- STORED DATA -

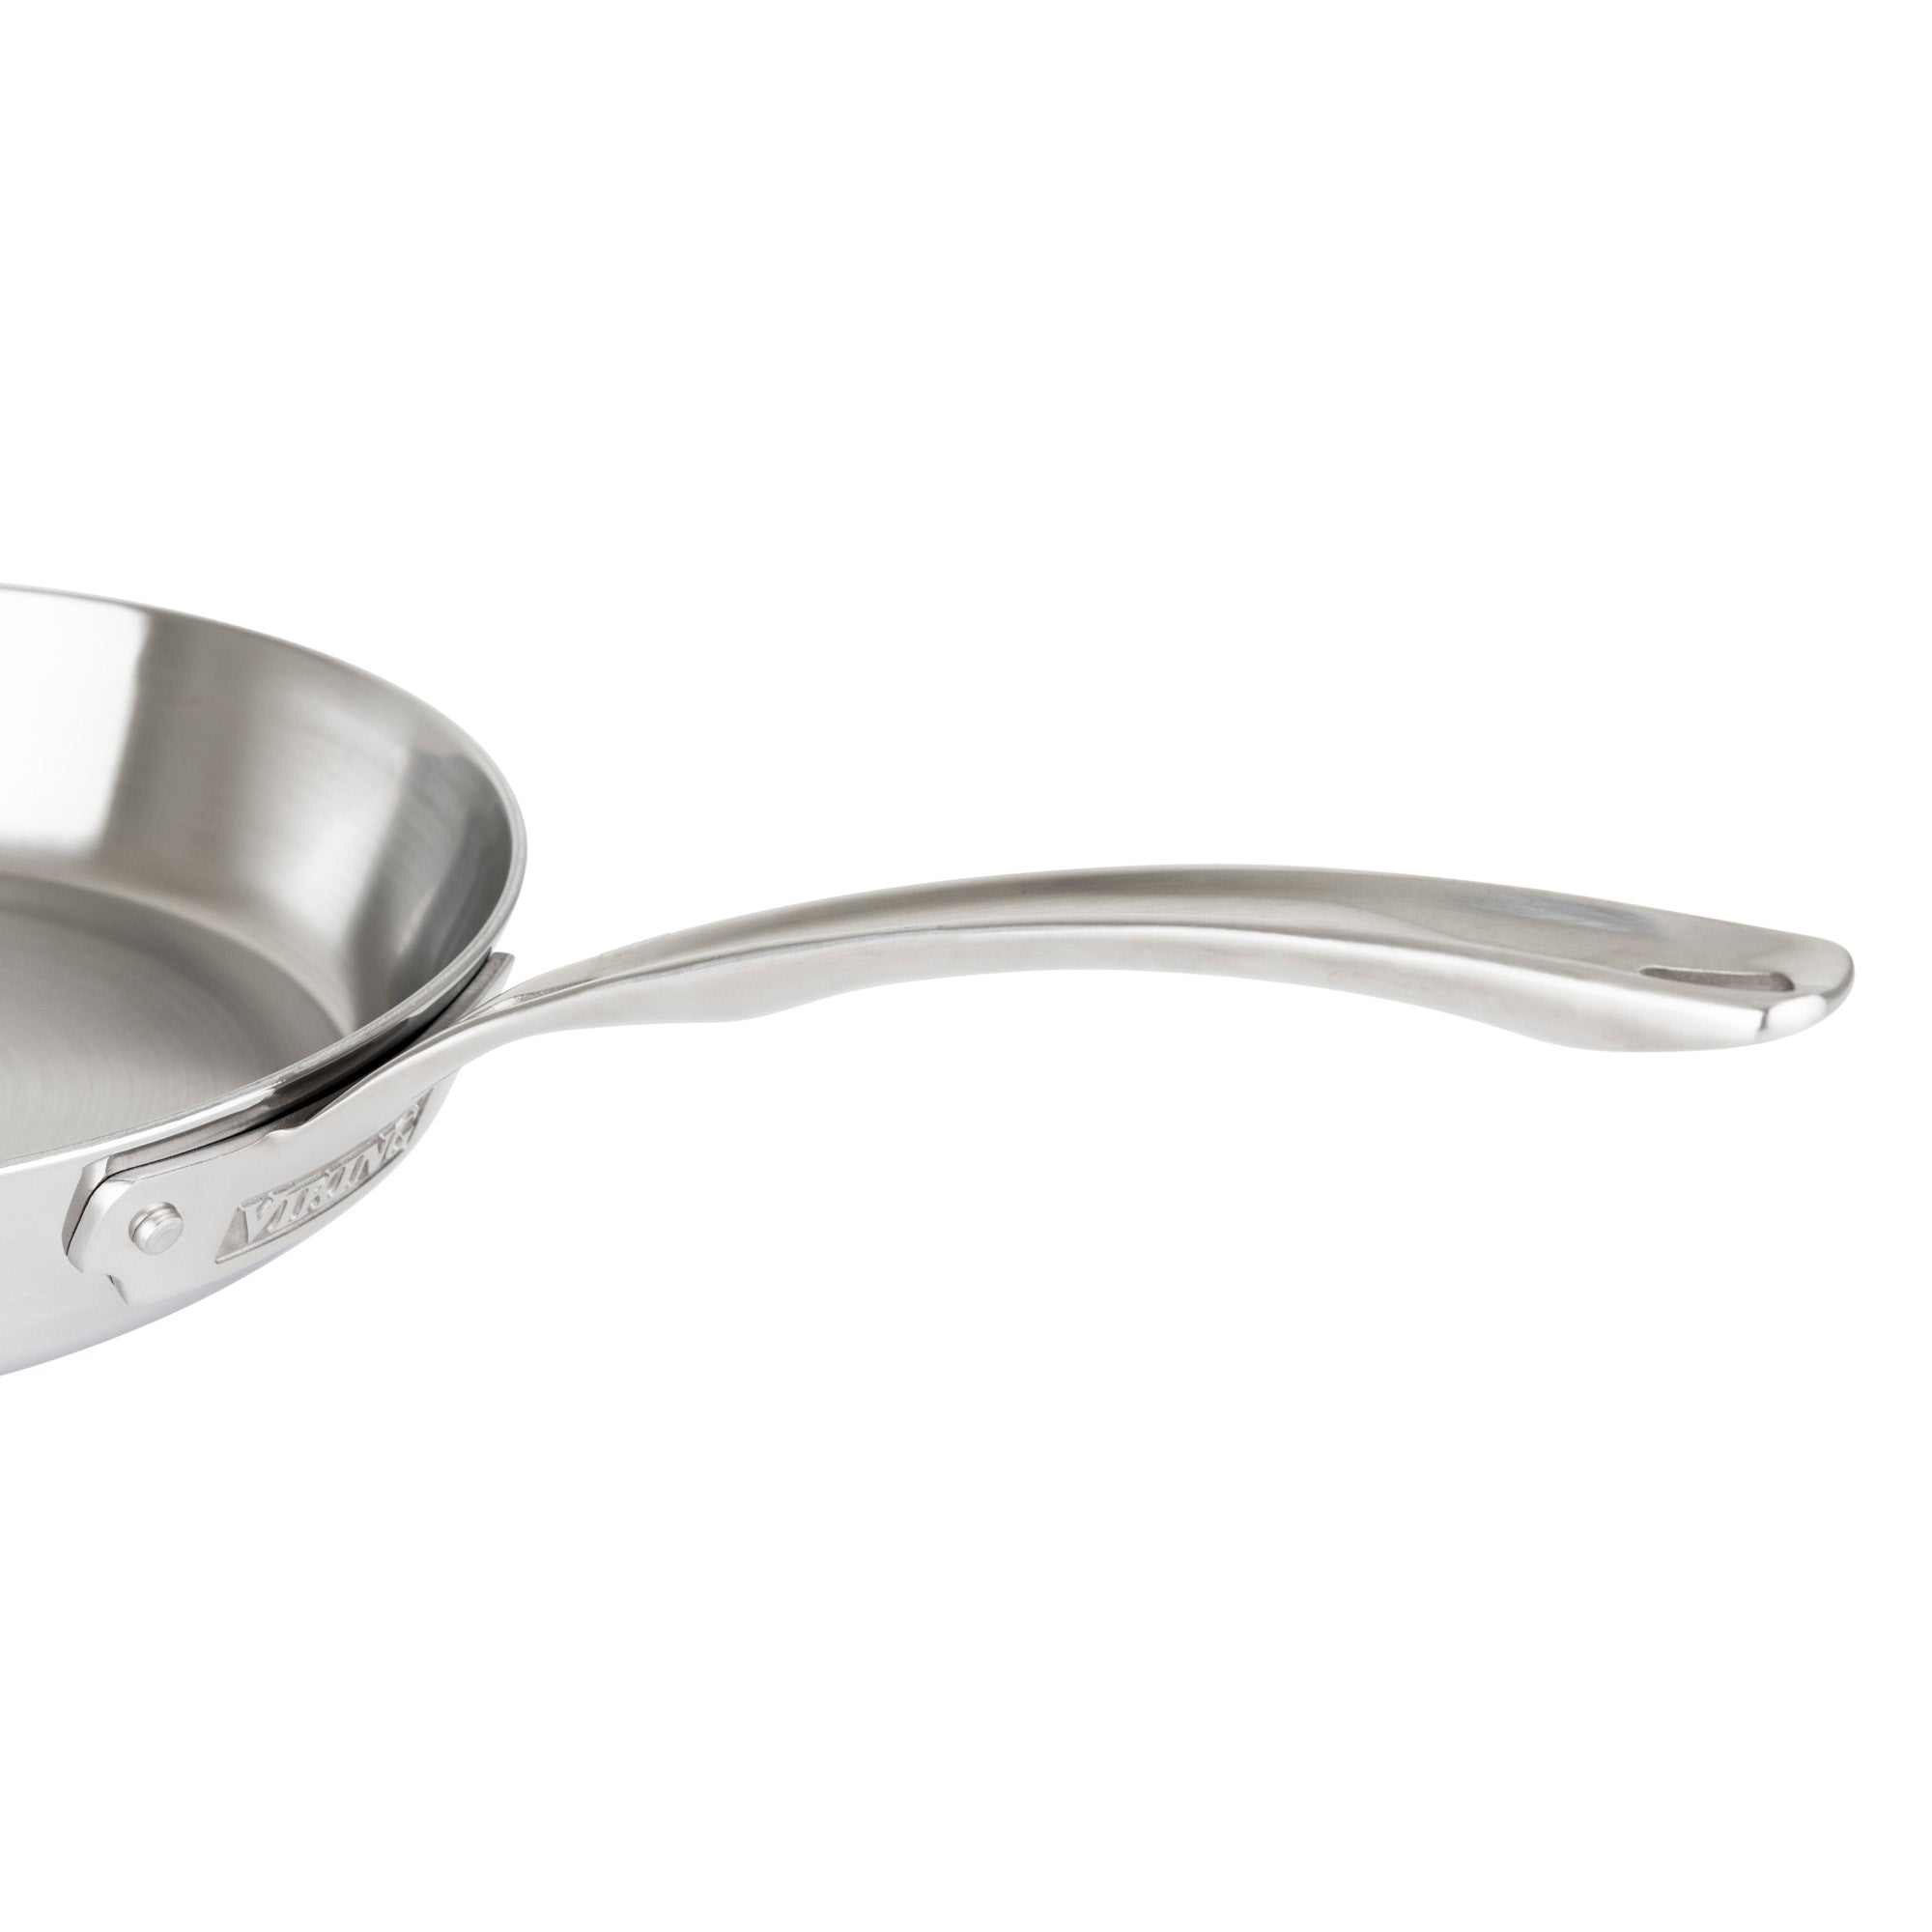 Viking Contemporary 3-Ply Stainless Steel 10-Inch Fry Pan
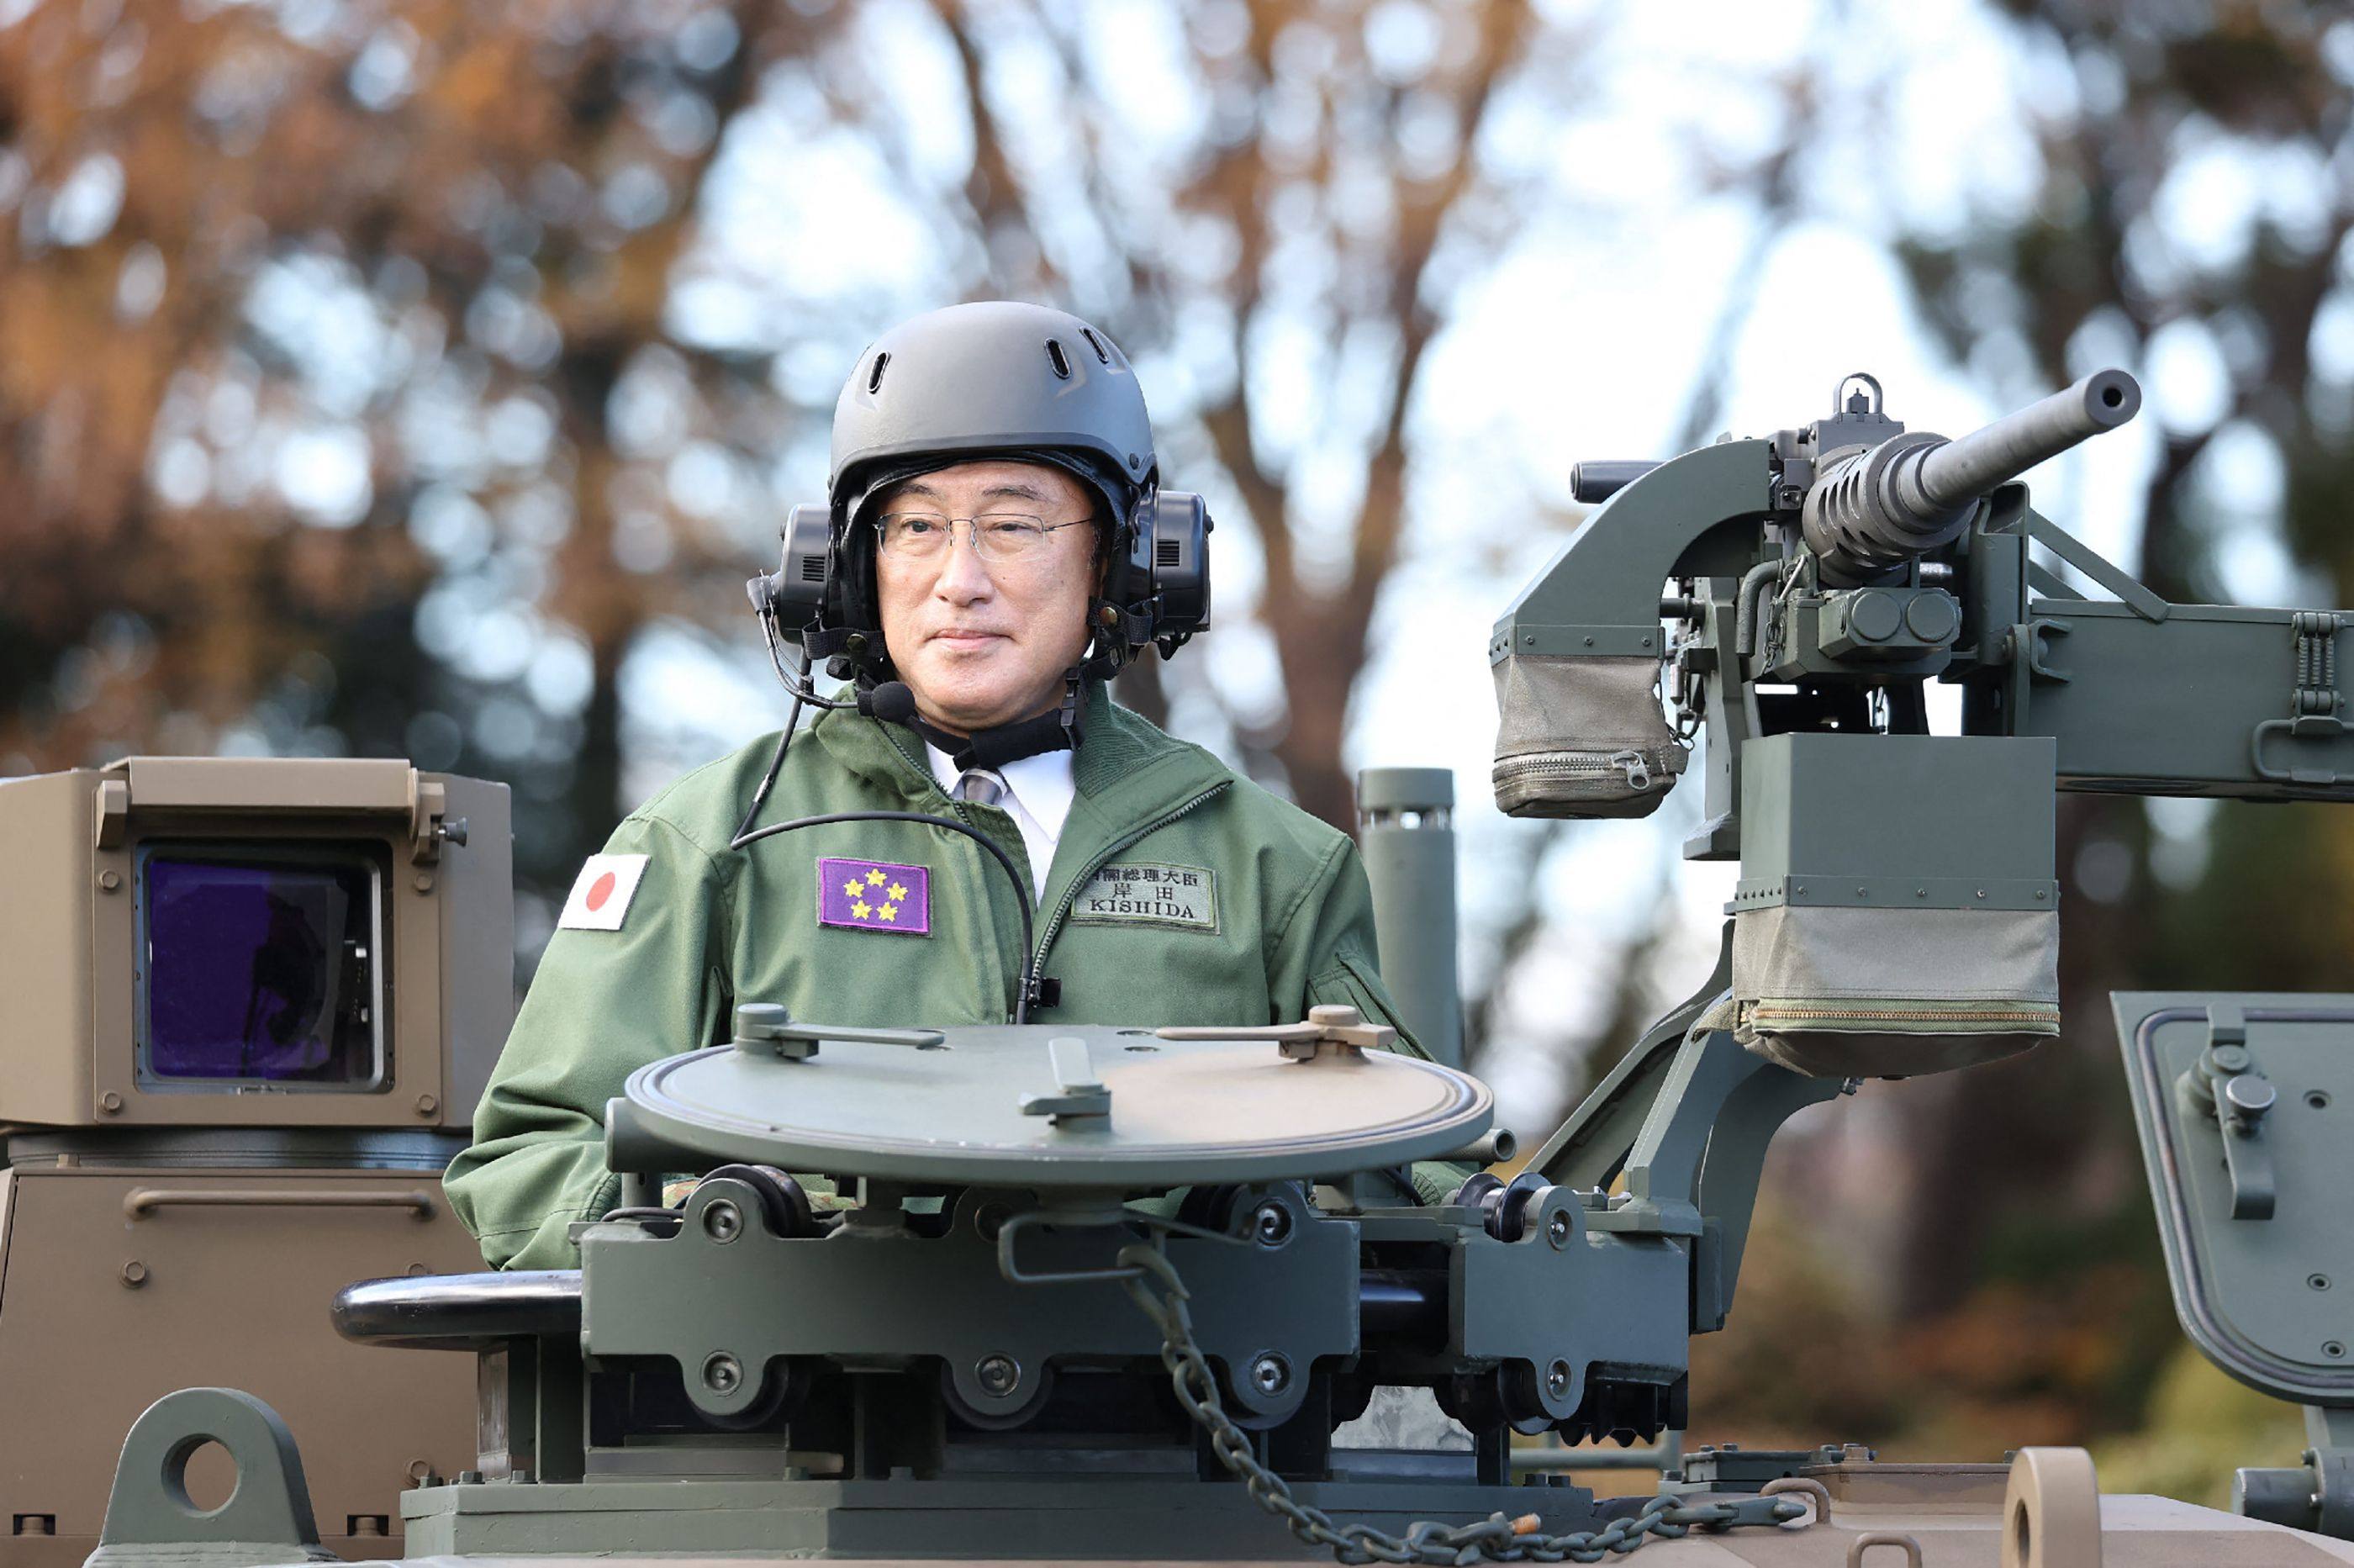 Japanese Prime Minister Fumio Kishida rides atop a tank during a military review at the Japanese Ground Self-Defence Force’s Camp Asaka in Tokyo on November 27, 2021. Kishida has ordered a sharp rise in defence spending to 2 per cent of gross domestic product by 2027. Photo: AFP
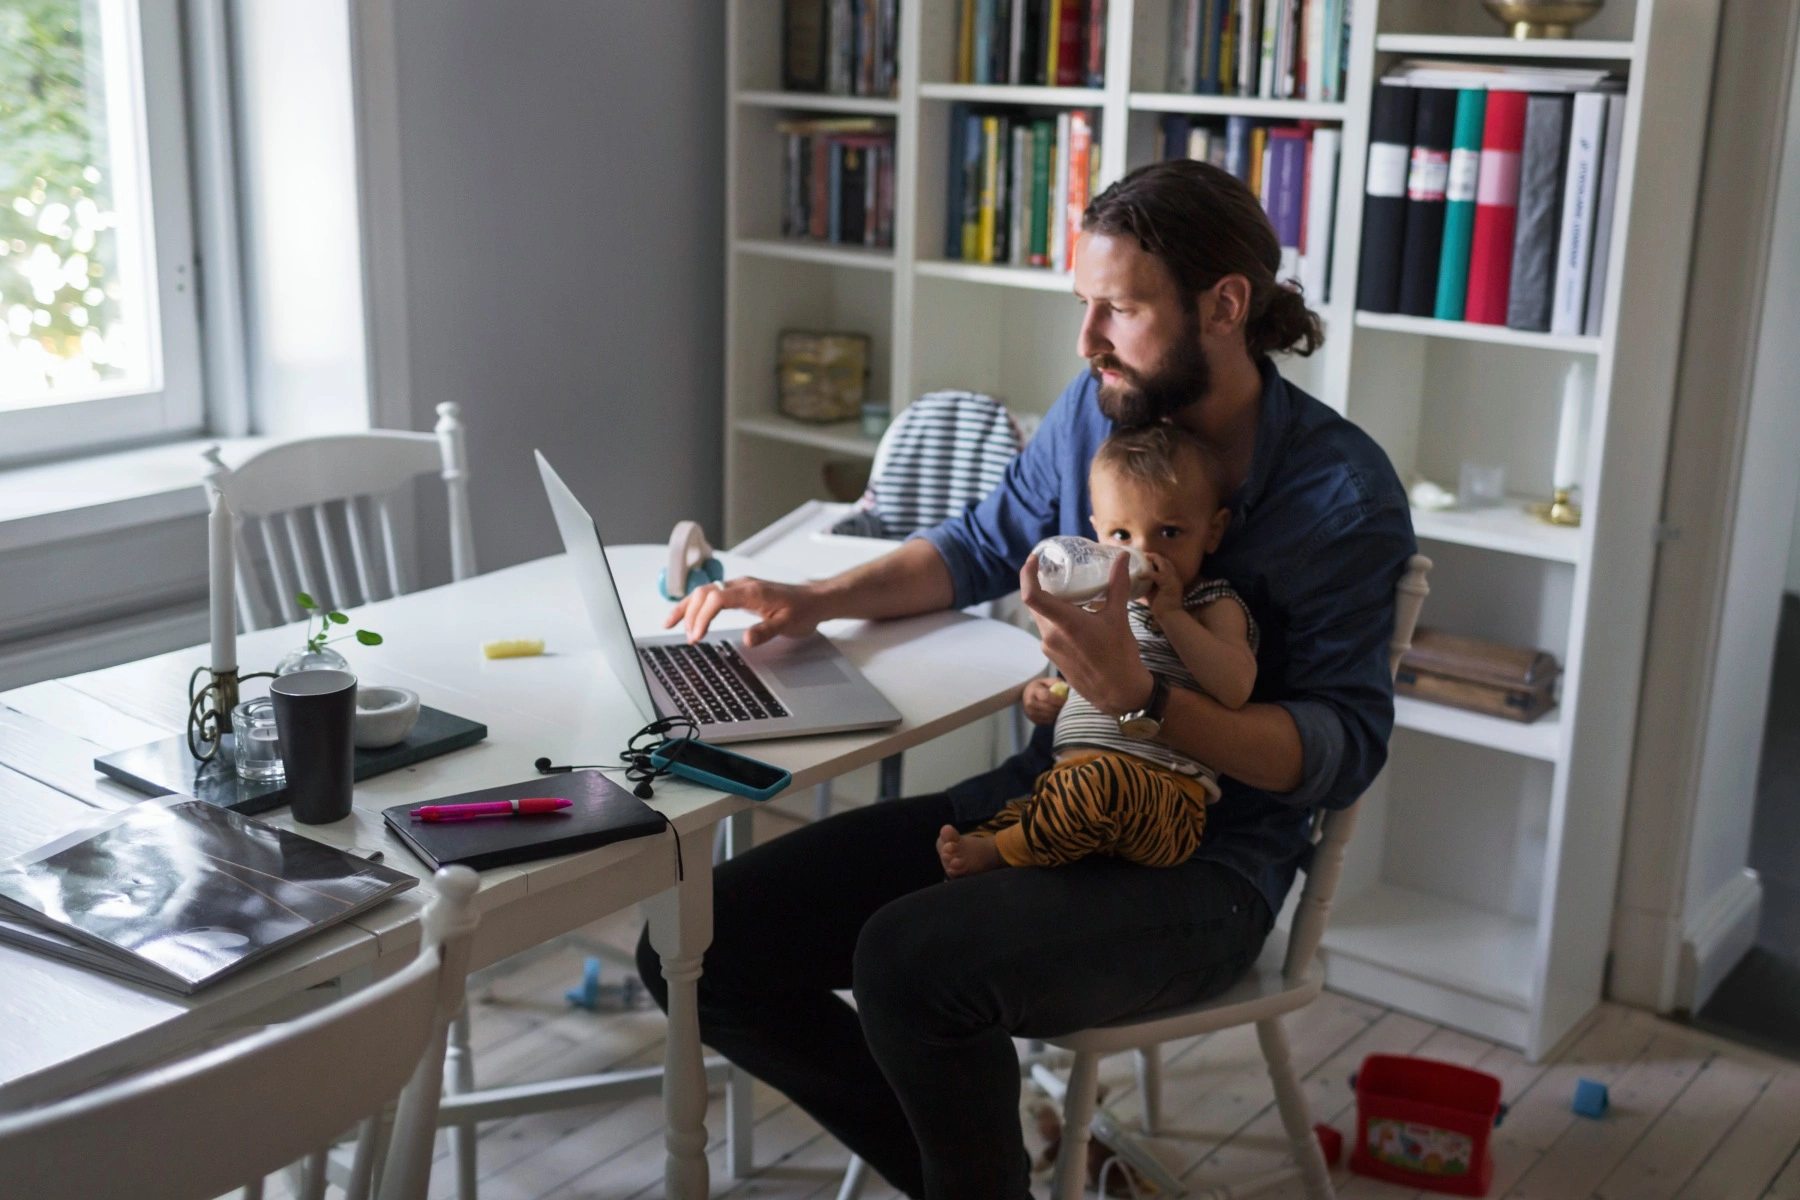 a father feeding his baby a bottle on his lap as he works on his laptop in his home office

- EXERCISE DIRECTIONS -
The listing above is to be written out again exactly, with its pictures omitted.

- ANSWER BELOW -
 Viking Contemporary 3-Ply Stainless Steel 10-Inch Fry Pan
 Japanese Prime Minister Fumio Kishida rides atop a tank during a military review at the Japanese Ground Self-Defence Force’s Camp Asaka in Tokyo on November 27, 2021. Kishida has ordered a sharp rise in defence spending to 2 per cent of gross domestic product by 2027. Photo: AFP
 a father feeding his baby a bottle on his lap as he works on his laptop in his home office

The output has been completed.